**DATA TO EXAMINE**:
+ + + +

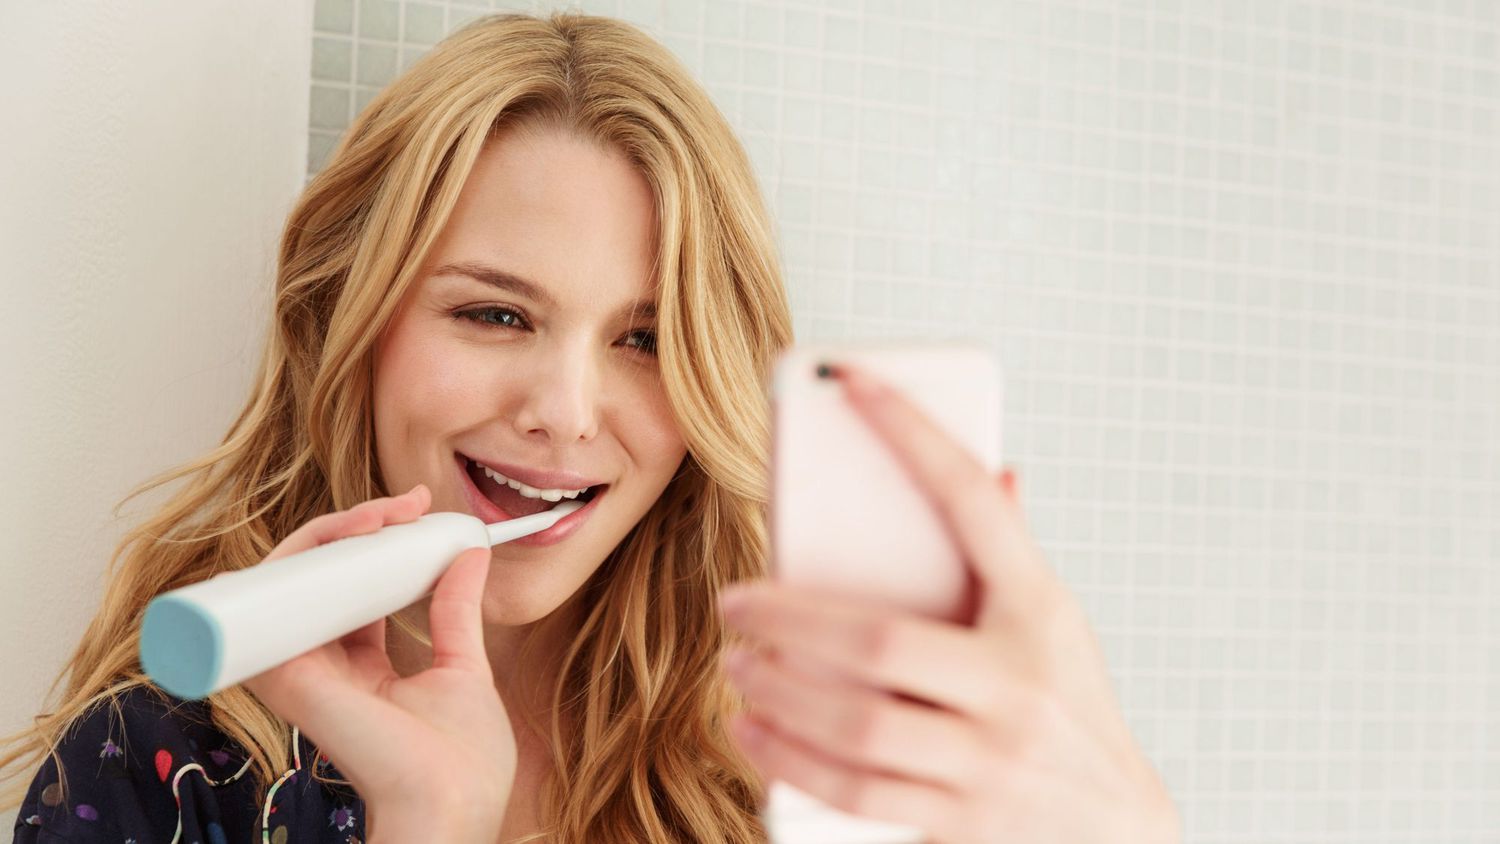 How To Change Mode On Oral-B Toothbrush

+ + + +

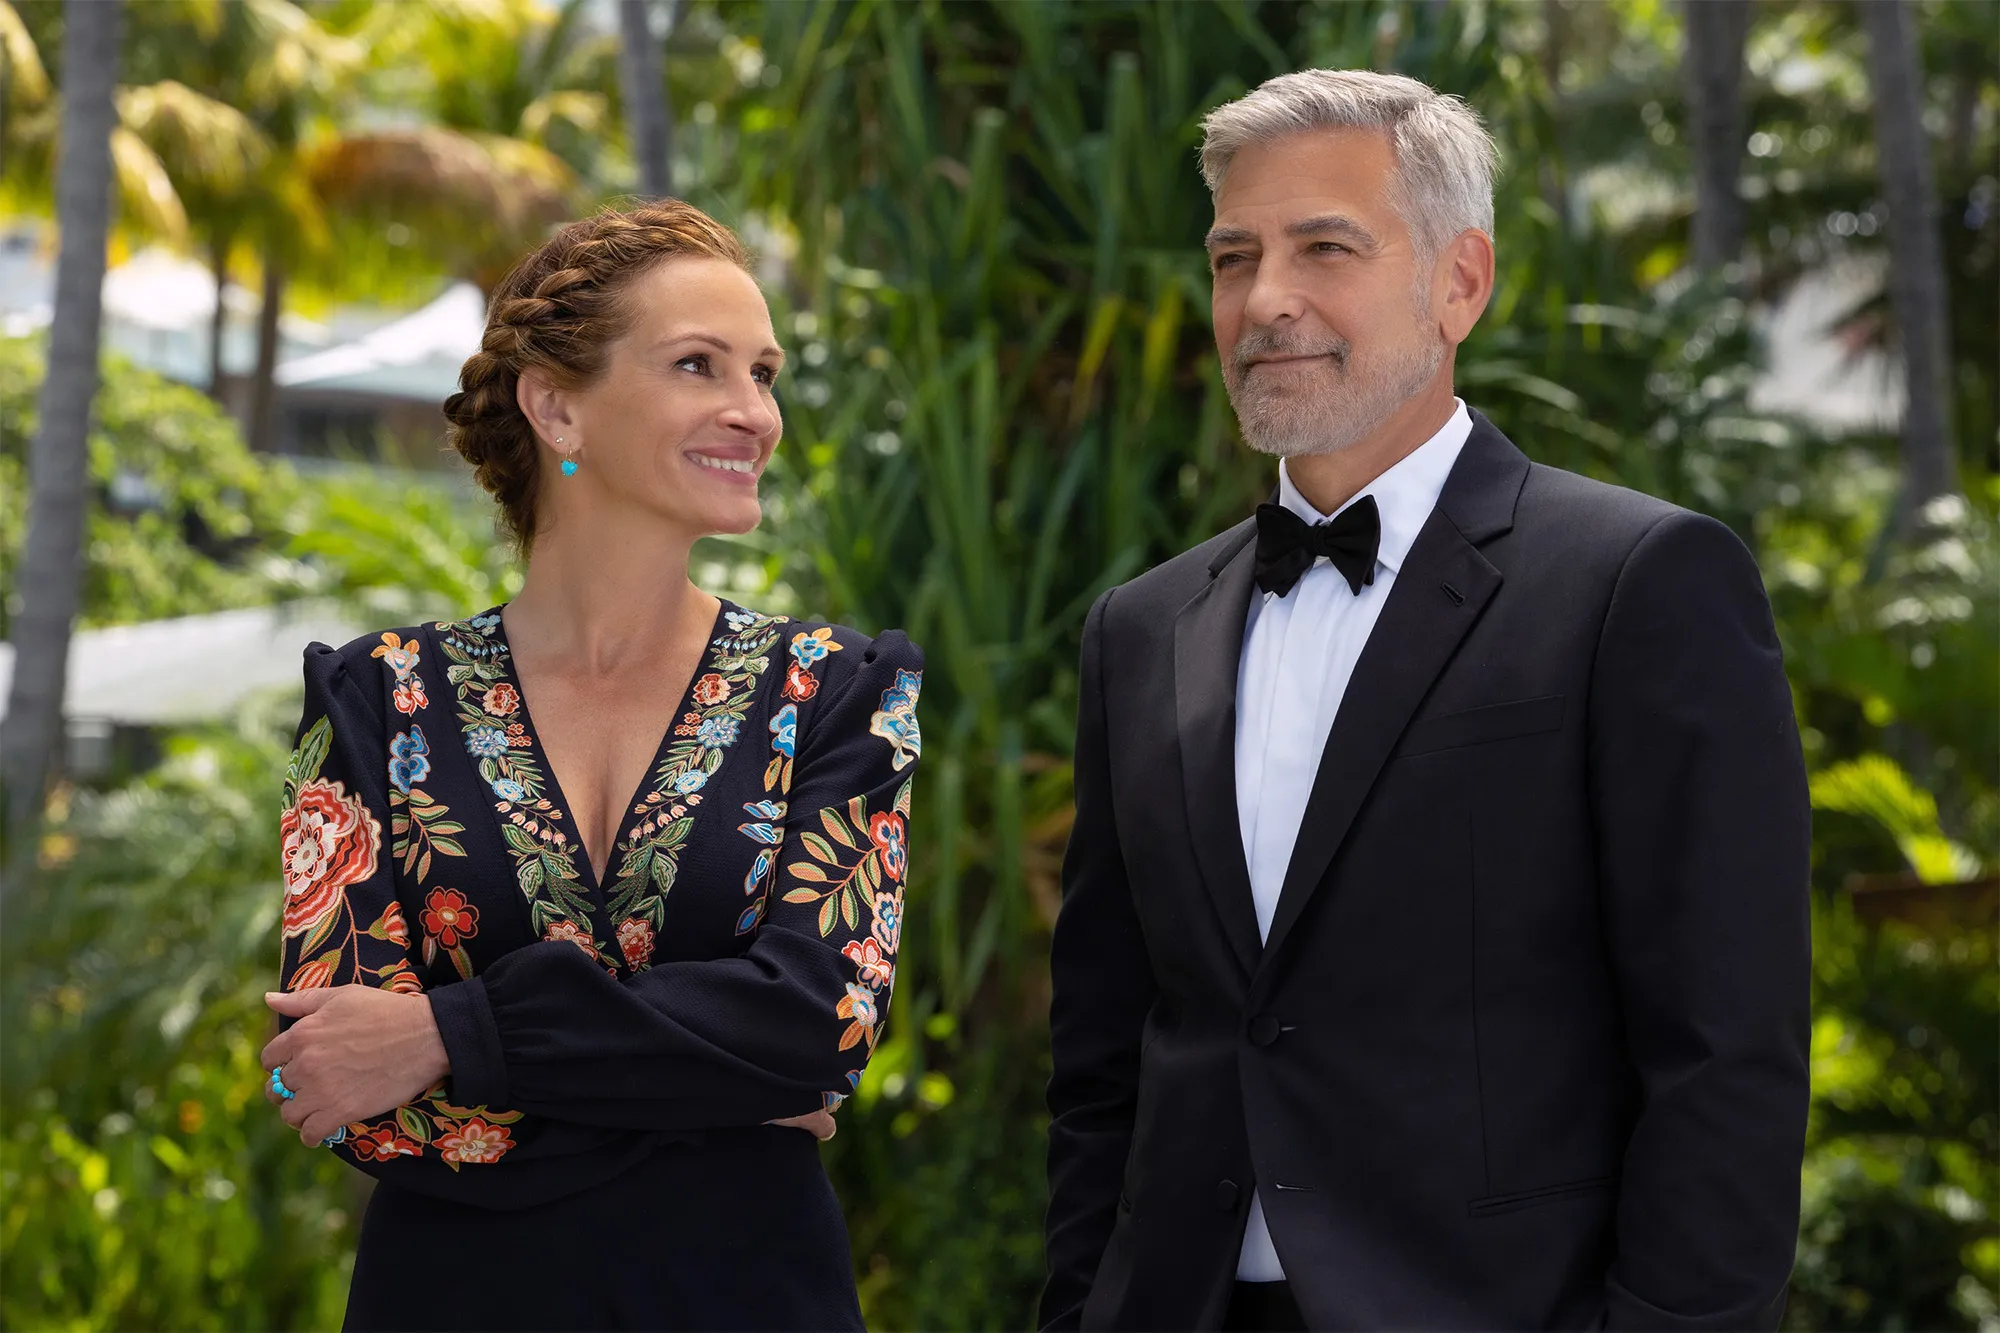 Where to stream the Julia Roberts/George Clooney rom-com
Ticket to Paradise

+ + + +

Write down exactly what the lines above say, from the line holding "Where to stream" through the line holding "Ticket to Paradise", and nothing more. Do not copy the pictures.

 Where to stream the Julia Roberts/George Clooney rom-com
Ticket to Paradise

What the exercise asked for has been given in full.